# Best Bird dryer



## badbullgator (Dec 20, 2004)

Who makes the best bird dryer? Our club needs some heavy duty dryers. The ones for Dogs Afield (stainless steel) look good and sturdy. Anyone have experience with these? What others are heavy duty and will hold up to club use and abuse? Not really interested in the aluminum rack dryers, we have been through way too many of those.


----------



## John Lash (Sep 19, 2006)

I have one and it's good. Other than losing a piece I don't see how you could hurt it.


----------



## badbullgator (Dec 20, 2004)

Thank you John, that is what I was hoping to hear


----------



## fuchsr (Aug 10, 2008)

I agree with John, that dryer is hard to kill. The main downside for me is, it's HEAVY and every time I set it up I wish I had bought something lighter. But for club use, it's a great choice.


----------



## Old School Labs (May 17, 2006)

My pro has had one for 2 or 3 years and is indistructible, although it is called "Mr Scissor Hands" for a reason. Need to be careful when folding it up to move or put it away.


----------



## FOM (Jan 17, 2003)

Cory,

I would also recommend putting pins in the rack to keep the pieces altogether so if you want to move it around at the line it is easier....

Lainee


----------



## John Lash (Sep 19, 2006)

I second the Mr. Scissorhands. It's never "gotten" me, but it always tries...


----------



## Orion Labradors (Sep 12, 2010)

Butch Green makes the best and most versatile bird dryers. Phone: 310 645-7106


----------



## Howard N (Jan 3, 2003)

Orion Labradors said:


> Butch Green makes the best and most versatile bird dryers. Phone: 310 645-7106


Yes he does for you or me. But for a club?

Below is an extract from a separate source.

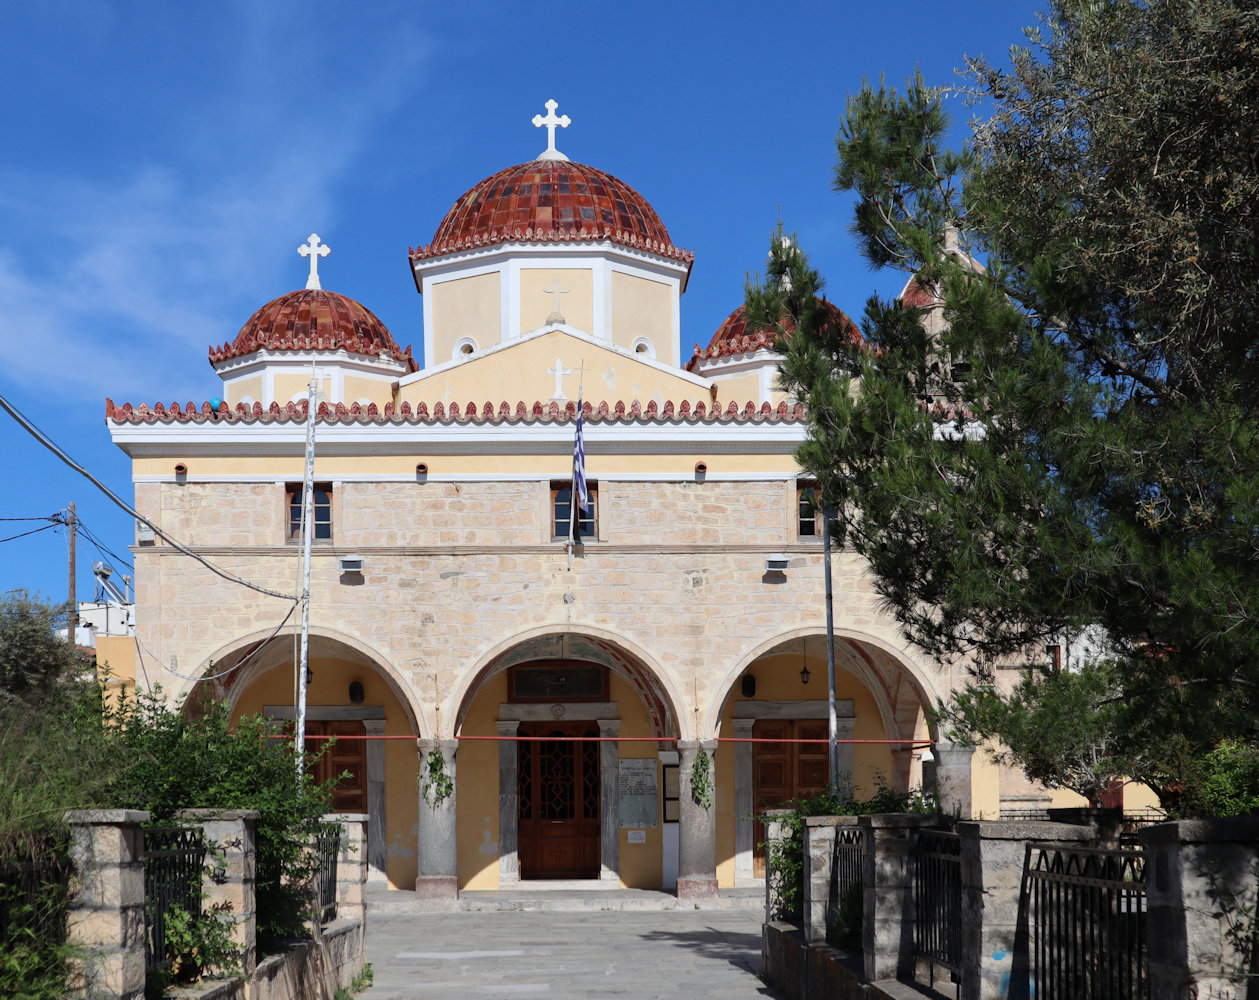 Metropolitankirche in Ägina auf Ägina, erbaut 1820. Zu Athansias Zeit war die Inselhauptstadt noch Ägina, bevor sie wenig später wegen der Piratenüberfälle nach Paliochóra ins Inselinnere verlegt wurde.

Our club bought 2 of Butch Green's driers two years ago. The kids have them pretty bent up in two seasons. They're still usable but you can see they'll be broken in time. The last ones we had were steel and parts got lost and they got broken up too. But we got 6 or 7 years out of them. I don't think we will out of these newer aluminum ones.

For a club, I want something a little more kid proof (or member proof actually ). If there is such a thing.


----------



## badbullgator (Dec 20, 2004)

Howard N said:


> Yes he does for you or me. But for a club?
> 
> Our club bought 2 of Butch Green's driers two years ago. The kids have them pretty bent up in two seasons. They're still usable but you can see they'll be broken in time. The last ones we had were steel and parts got lost and they got broken up too. But we got 6 or 7 years out of them. I don't think we will out of these newer aluminum ones.
> 
> For a club, I want something a little more kid proof (or member proof actually ). If there is such a thing.



This is truth. Thanks for all the replies


----------



## Deleted On Request (Jan 28, 2011)

We built our own out of 2x4s.


----------